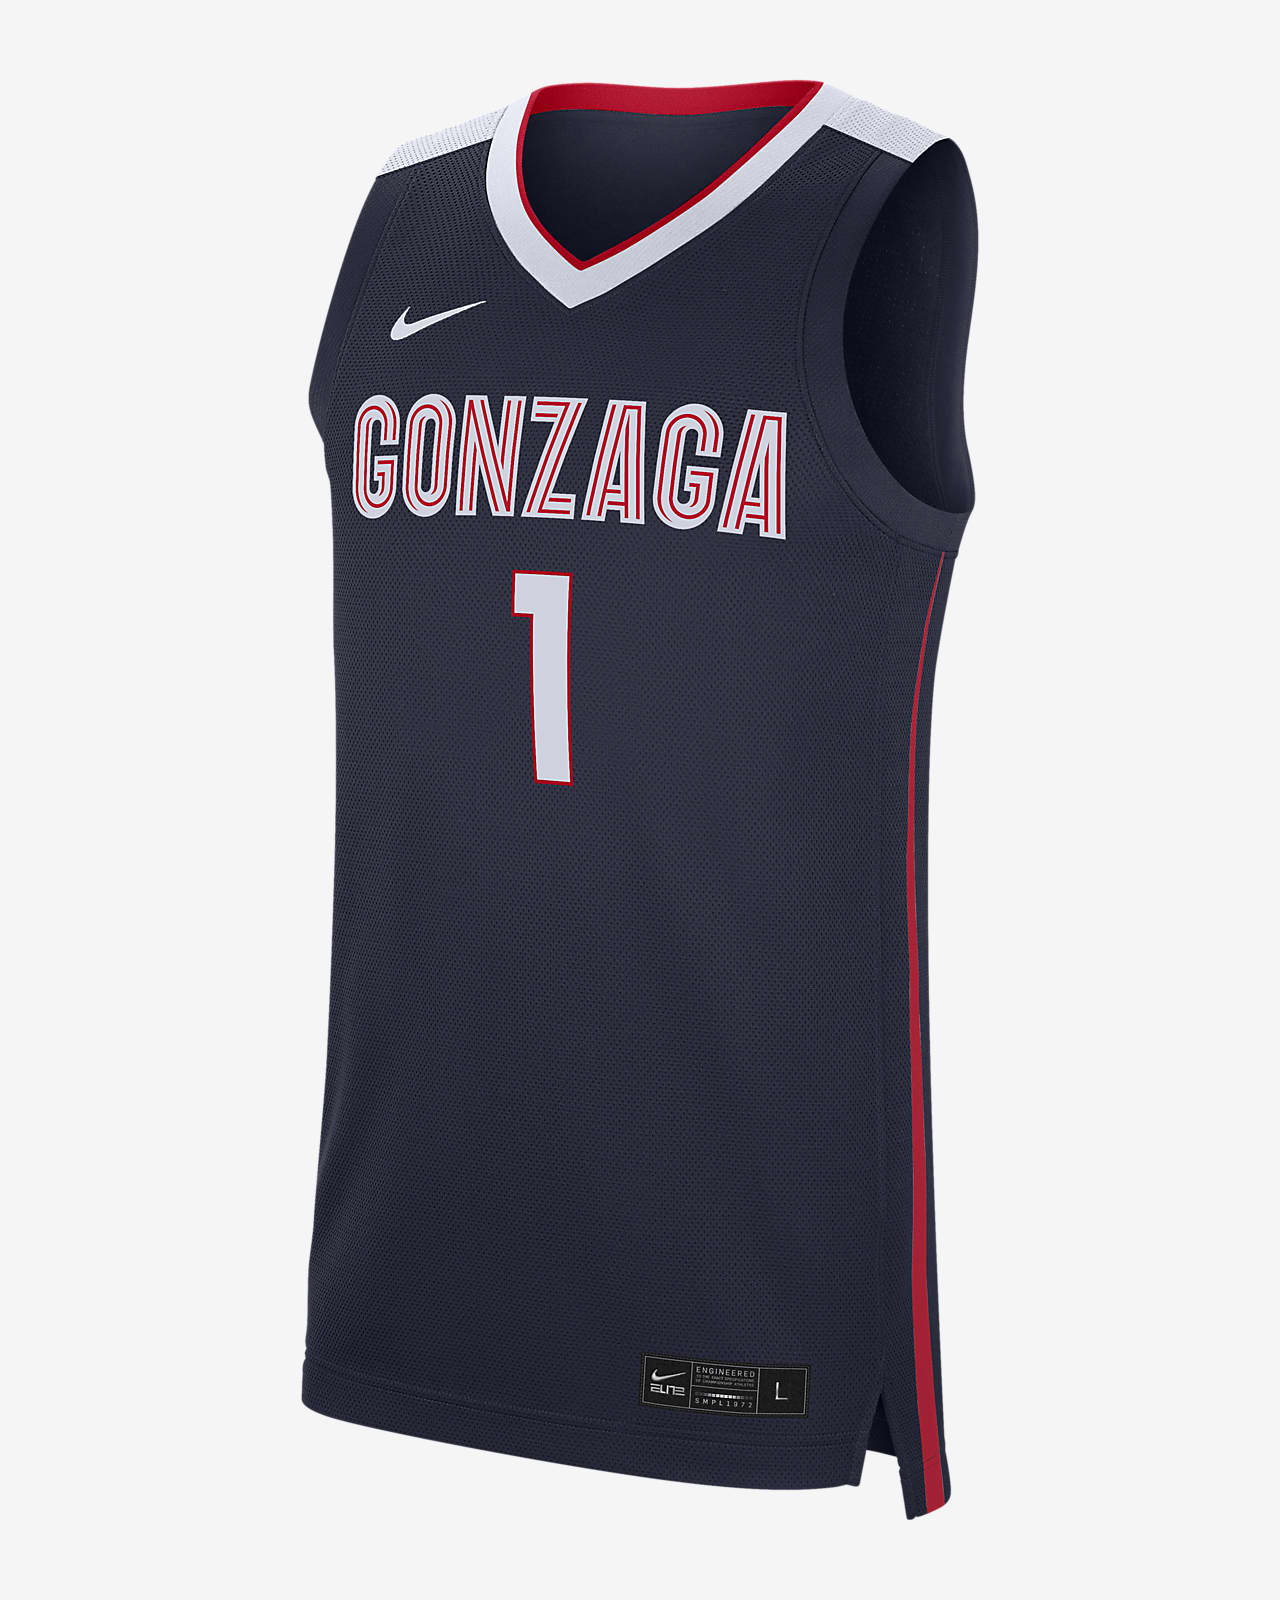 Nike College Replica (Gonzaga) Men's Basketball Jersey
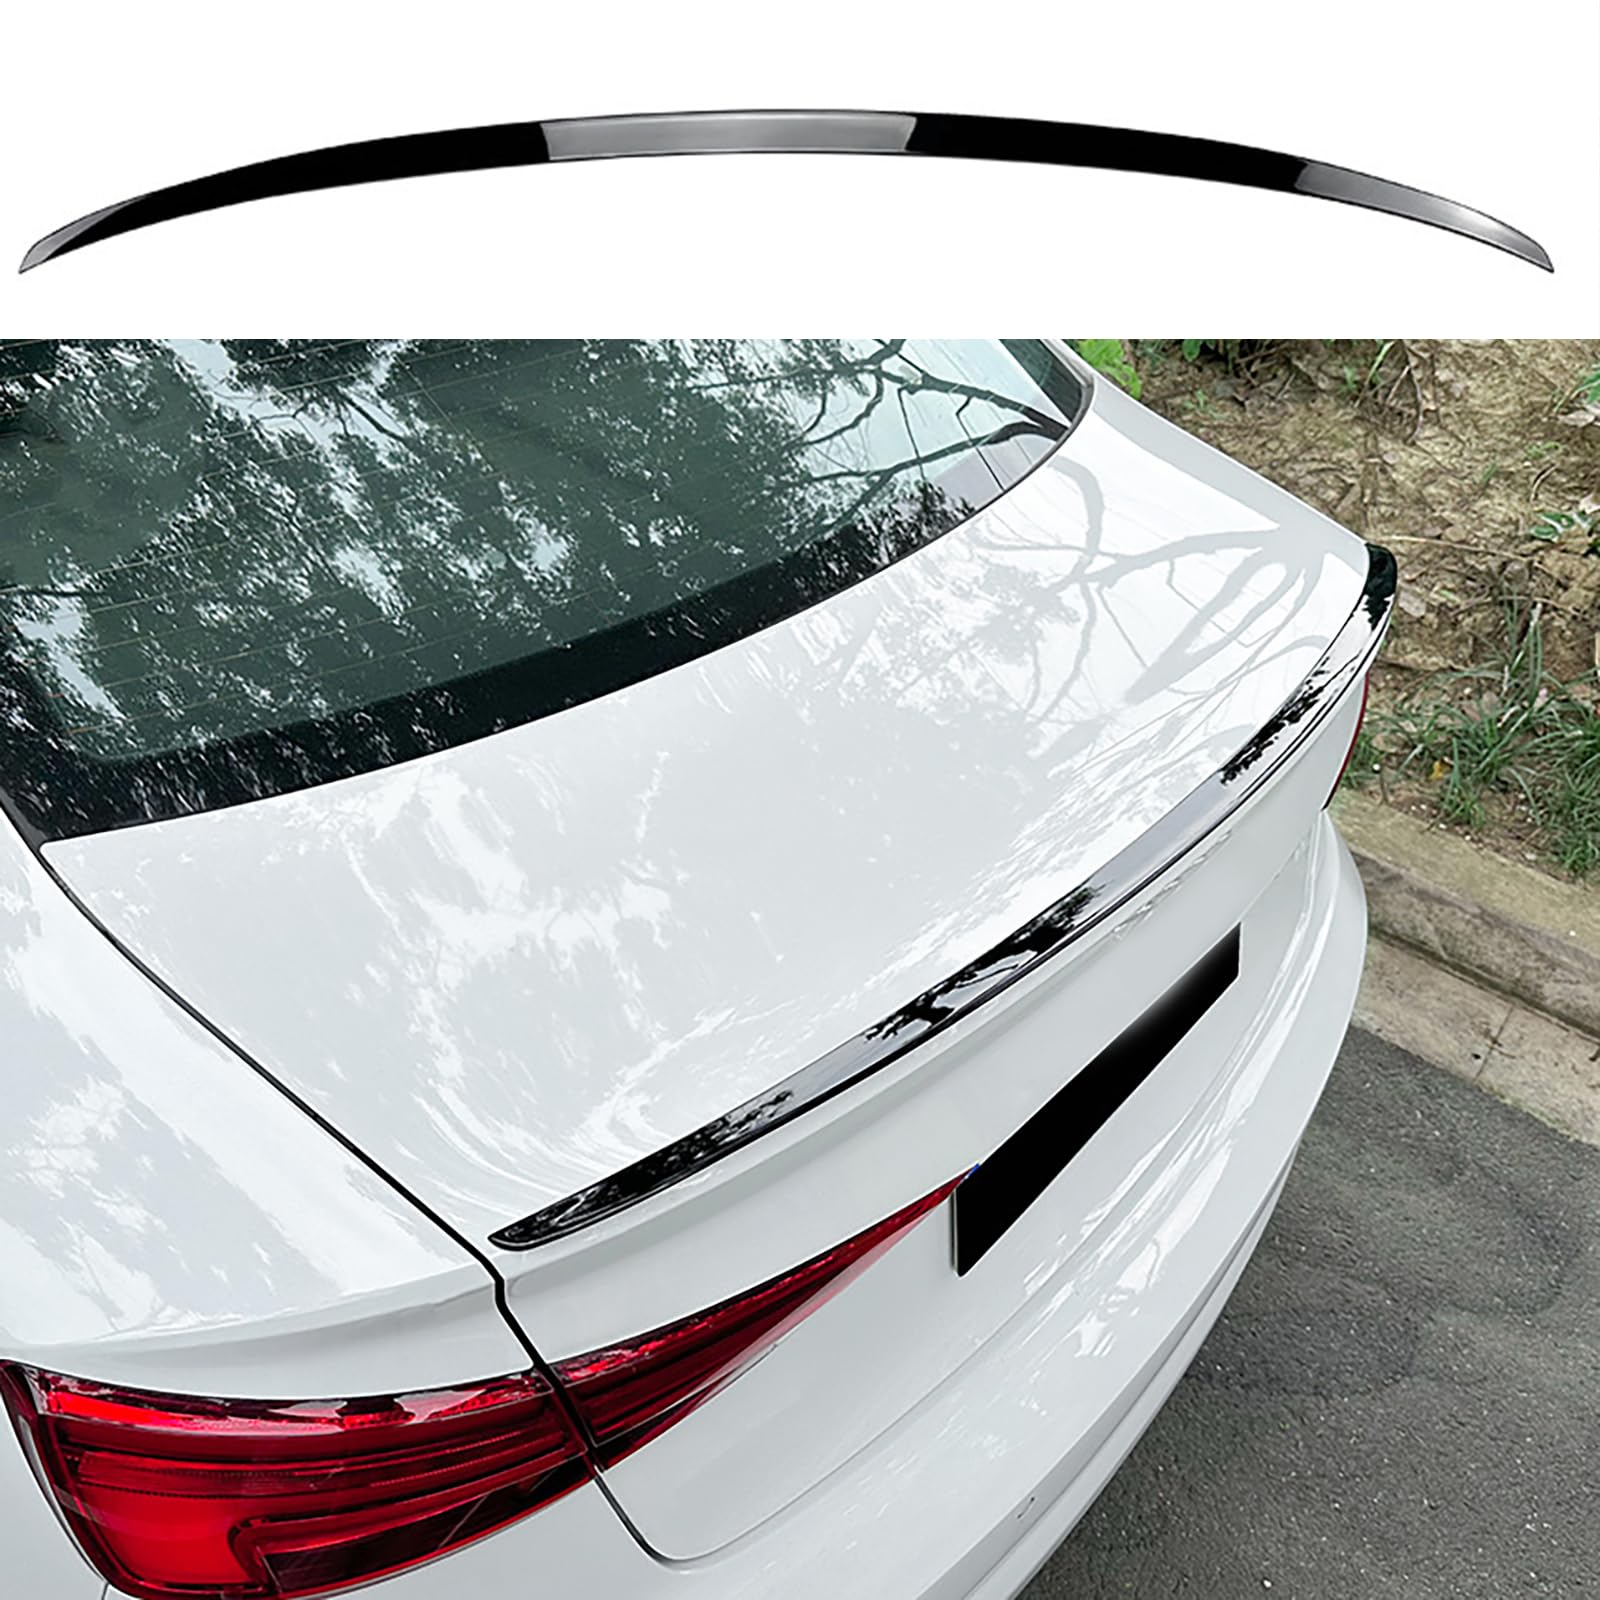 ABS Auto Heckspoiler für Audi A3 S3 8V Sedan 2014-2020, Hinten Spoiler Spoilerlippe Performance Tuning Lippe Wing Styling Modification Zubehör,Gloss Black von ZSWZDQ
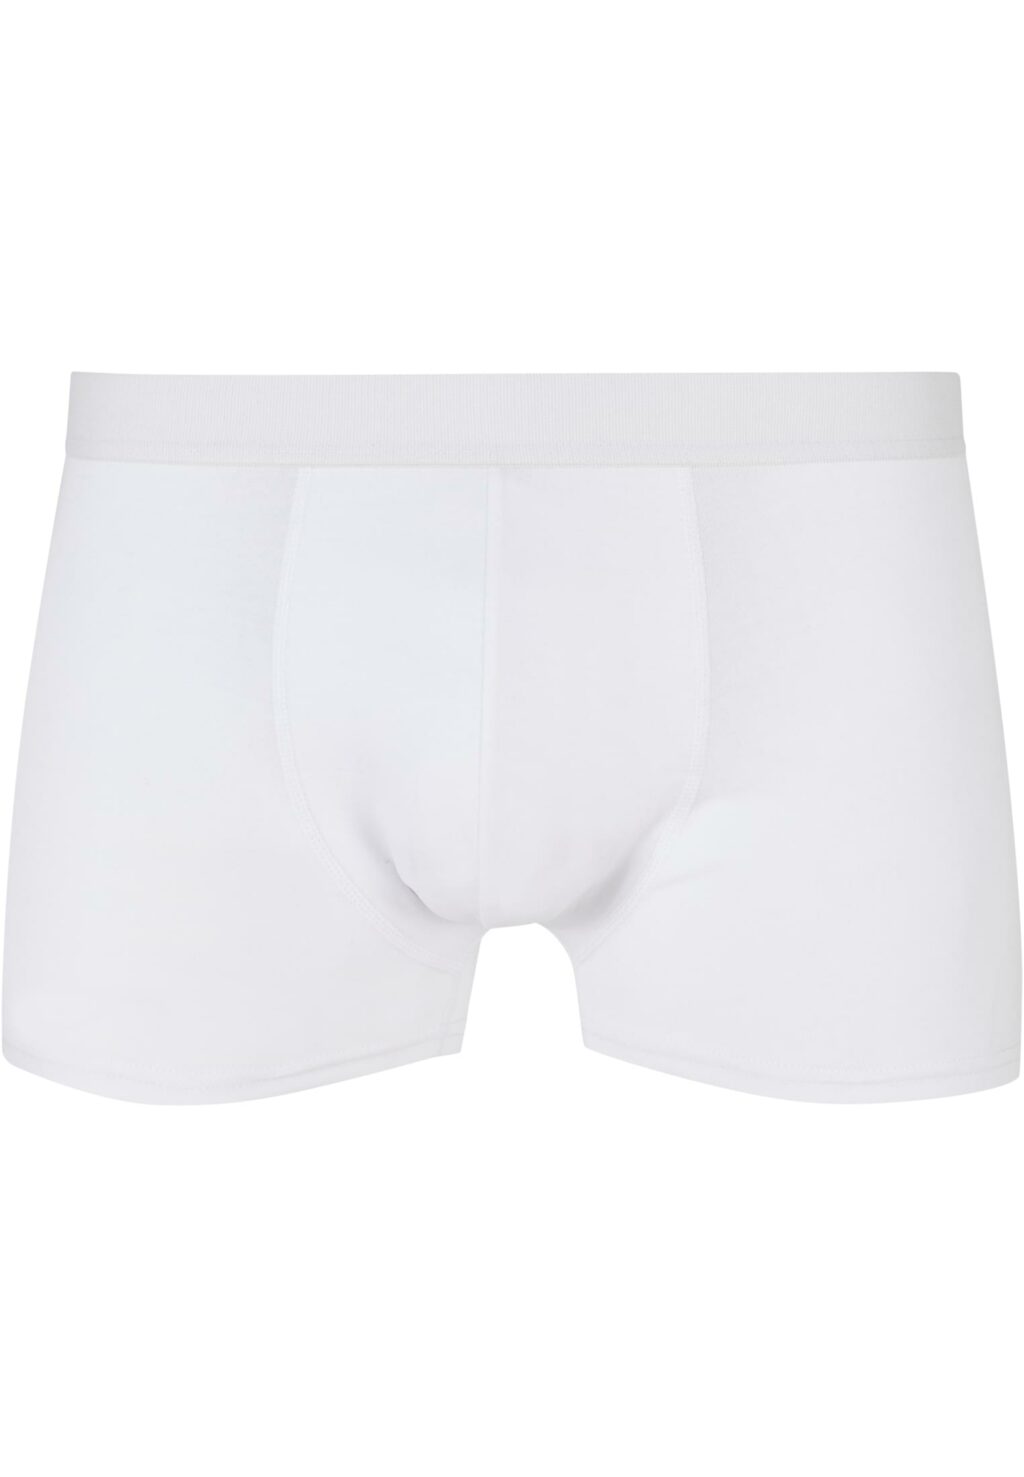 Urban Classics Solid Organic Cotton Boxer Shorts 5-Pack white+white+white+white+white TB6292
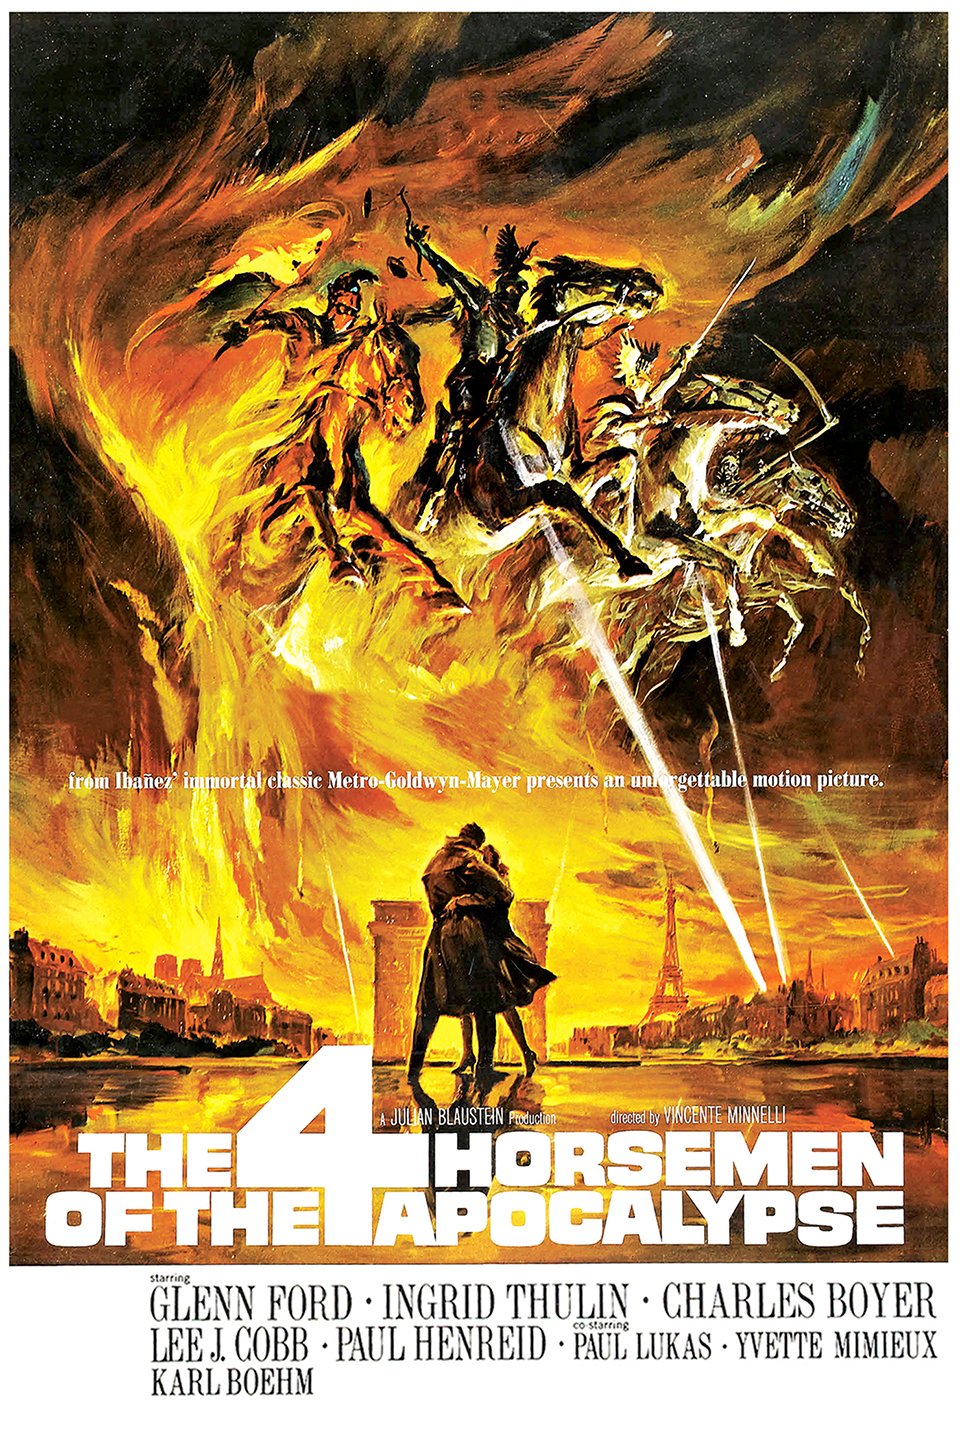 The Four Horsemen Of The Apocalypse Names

▬▬▬▬▬▬

__What the exercise asks__. Restate the material above word for word; pictures do not belong in the copy.

__Solution__.
 Nike College Replica (Gonzaga) Men's Basketball Jersey
 ABS Auto Heckspoiler für Audi A3 S3 8V Sedan 2014-2020, Hinten Spoiler Spoilerlippe Performance Tuning Lippe Wing Styling Modification Zubehör,Gloss Black von ZSWZDQ
 Urban Classics Solid Organic Cotton Boxer Shorts 5-Pack white+white+white+white+white TB6292
 The Four Horsemen Of The Apocalypse Names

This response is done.